Vital Healthcare Property Trust (NZX:VHP) has announced a conditional agreement to internalise its management structure through the retirement of Northwest Healthcare Properties Management Limited as manager. The internalisation process is intended to transition management responsibilities into a new governance framework, with arrangements negotiated by the Independent Directors of Vital on an arm’s-length basis.
Under the agreed terms, Northwest will receive a Management Termination Payment of NZD 214m plus GST for surrendering management rights. Based on current expectations and subject to a binding ruling from the Inland Revenue Department, the net after-tax cost to Vital is estimated at NZD 177m. Trustee Executors Limited will appoint a new entity as the interim manager, with unitholder ratification to be sought at Vital’s 2026 annual meeting. Licensing for the new manager is being sought under the Financial Markets Conduct Act.
The transition includes retention of key personnel, including the CEO and CFO, alongside a majority of the healthcare property team. Northwest will continue to provide support services under a transitional services agreement with an initial 24-month term, which may be extended for two further periods of six months each. Board composition will remain unchanged during this phase.
Independent Assessments and Expected Outcomes
Multiple advisory firms provided financial, legal, tax and independent valuation guidance to the Independent Directors when negotiating the internalisation terms. Northington Partners assessed the valuation of the management rights and provided an independent expert view regarding the projected impact on Vital. The arrangement also includes Vital delivering certain development consulting services to Northwest’s AUSD 2.6bn Australian healthcare portfolio.
Completion of the internalisation remains subject to lender consents, amendments to financing documents, regulatory approvals from the Foreign Investment Review Board and Overseas Investment Office, licensing of the New Vital Manager, and raising at least NZD 175m of net proceeds through the capital raising. Settlement is anticipated on 31 December 2025 or in early 2026 if further time is required.
Equity Raising Structure and Pricing Details
To fund the Management Termination Payment and support upcoming development priorities such as Coomera Stage 1A and Macarthur Stage 2, Vital has launched a NZD 220m equity raising comprising a NZD 190m underwritten placement and a NZD 30m unit purchase plan (UPP).
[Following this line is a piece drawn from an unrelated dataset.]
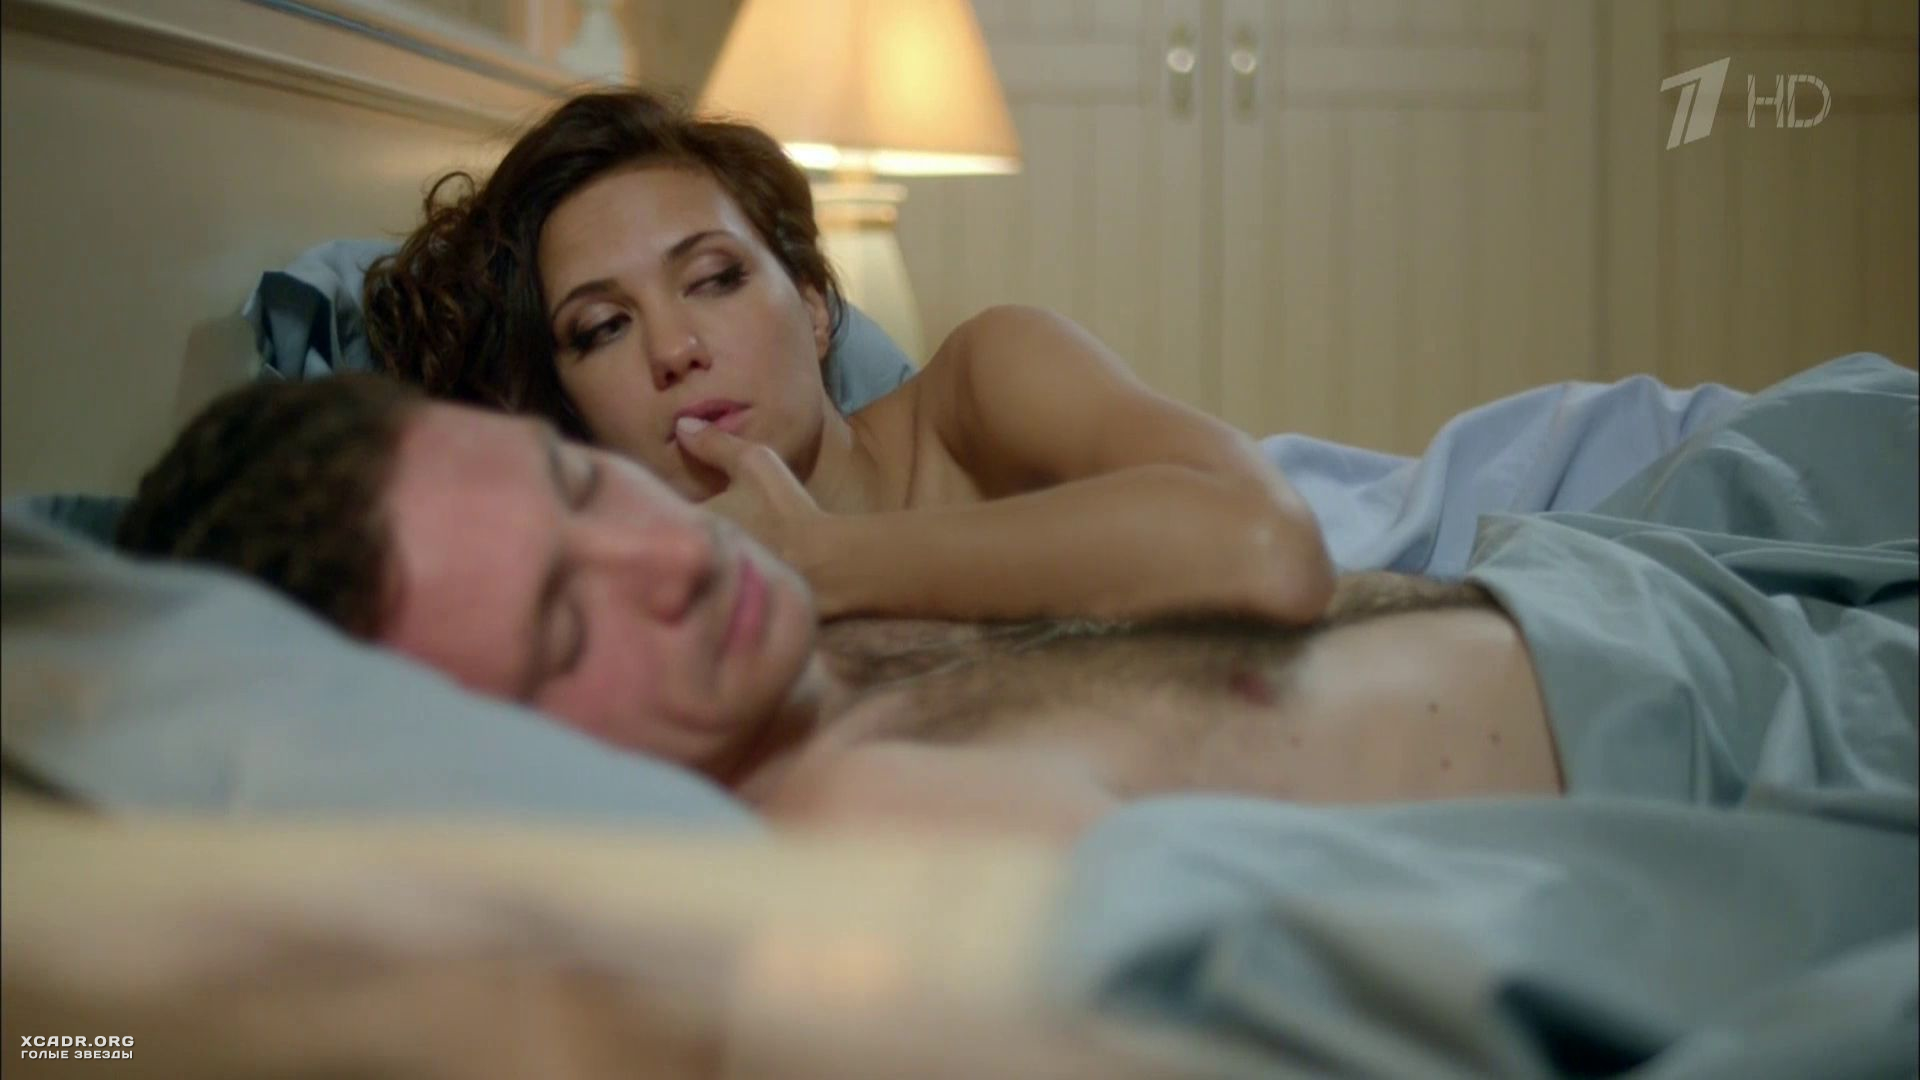 klimova-ekaterina-seks-foto
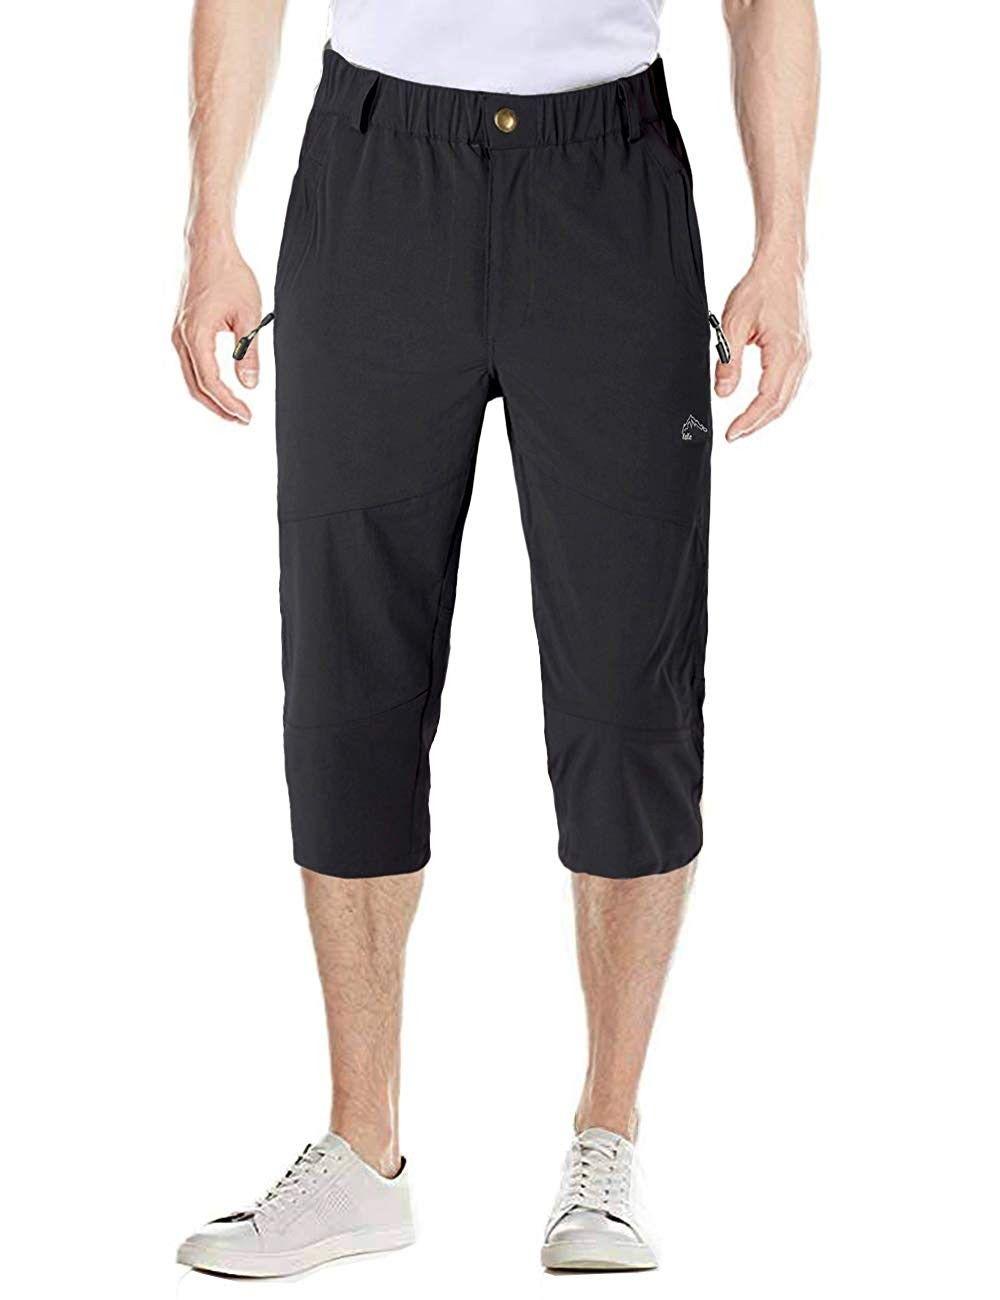 Men S Capri Pants Elastic Knee Length Shorts 3 4 Shorts Quick Dry Multi Pockets Cargo Capri Shorts Black Ca18nw0taam Size 30 Mens Capri Pants Knee Length Shorts Mens Outdoor Clothing [ 1300 x 1000 Pixel ]

New units under the placement will be issued at NZD 1.95 per unit, reflecting a 9.5 percent discount to the dividend-adjusted closing price on 7 November 2025. The placement is underwritten by Craigs Investment Partners, Forsyth Barr Group and Barrenjoey Markets.
Northwest has indicated it will not participate in the placement and has agreed to an escrow arrangement extending to the release of Vital’s 1H26 results. The UPP will open on 14 November 2025, allowing eligible unitholders to apply for up to NZD 50,000 in new units. The price will be the lower of the placement price or a 2.5 percent discount to the five-day volume-weighted average price at the end of the UPP period.
Share Performance of VHP
VHP was trading at NZD 2.1800 per share as of 10 November 2025.